Rep. Alexandria Ocasio-Cortez — 

“If SCOTUS was serious about their ludicrous “colorblindness” claims, they would have abolished legacy admissions, aka affirmative action for the privileged,” he said. “70% of Harvard’s legacy applicants are white. SCOTUS didn’t touch that - which would have impacted them and their patrons.”

Rep. Nanette Barragan —

"Today's ruling by the Supreme Court dismantles more than 40 years of precedent to increase representation for marginalized groups in university and college campuses, erasing decades of progress,” said the Chair of the Congressional Hispanic Caucus. “Race-conscious admission policies that allow universities to consider race as one of several factors in the admissions process are a critical and much-needed component to address systemic inequalities and foster diversity.”

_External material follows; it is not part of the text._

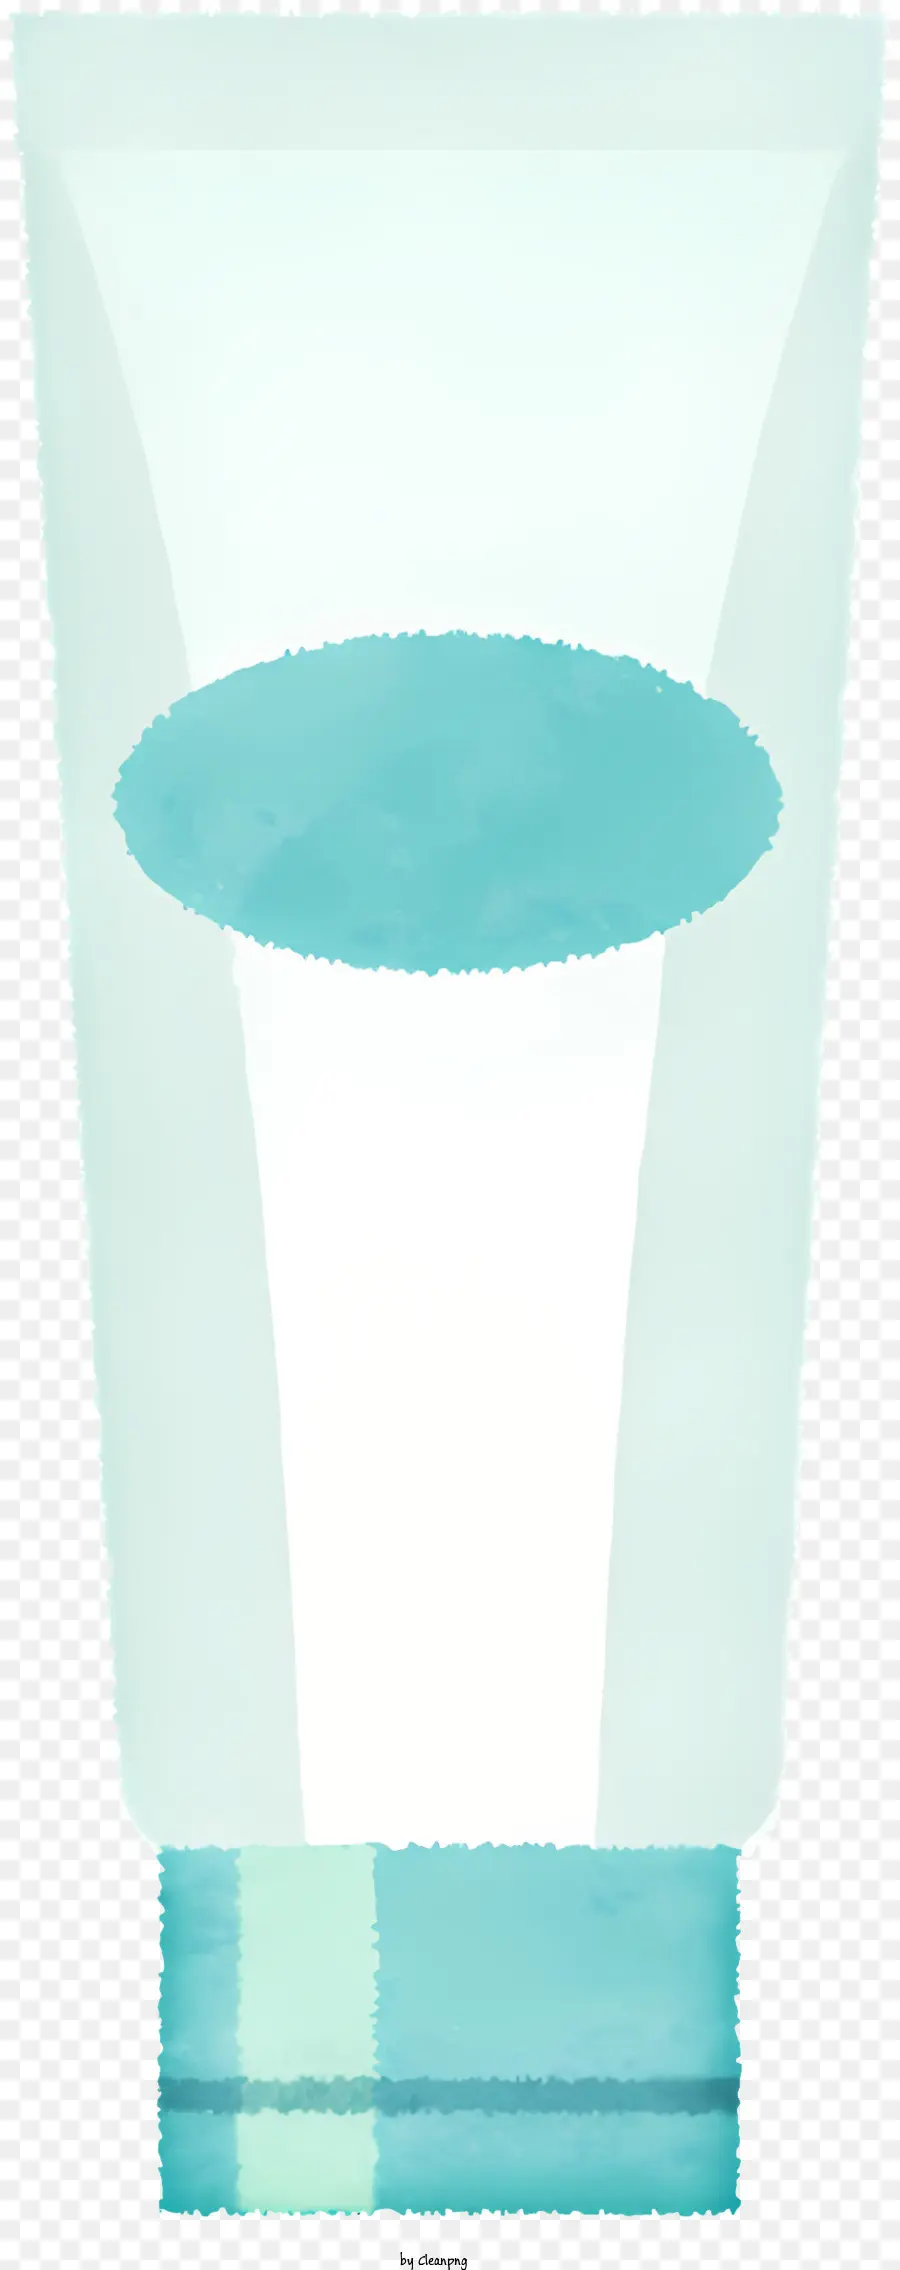 icona contenitore in plastica traslucida striscia di plastica blu in plastica trasparente tappo di plastica - Contenitore cilindrico piccolo fatto di plastica traslucida

“Today's decision will only benefit the wealthy and well-connected at the expense of marginalized communities and exacerbate barriers students of color face on their path to attaining an education.”

Rep. Joaquin Castro — 

“It’s time to end legacy admissions. Each year thousands of students are admitted to colleges around the nation only because their parents went there,” Castro said. “Legacy admissions are back-door discriminatory policies that overwhelmingly advantage wealthy, white students over everyone else.”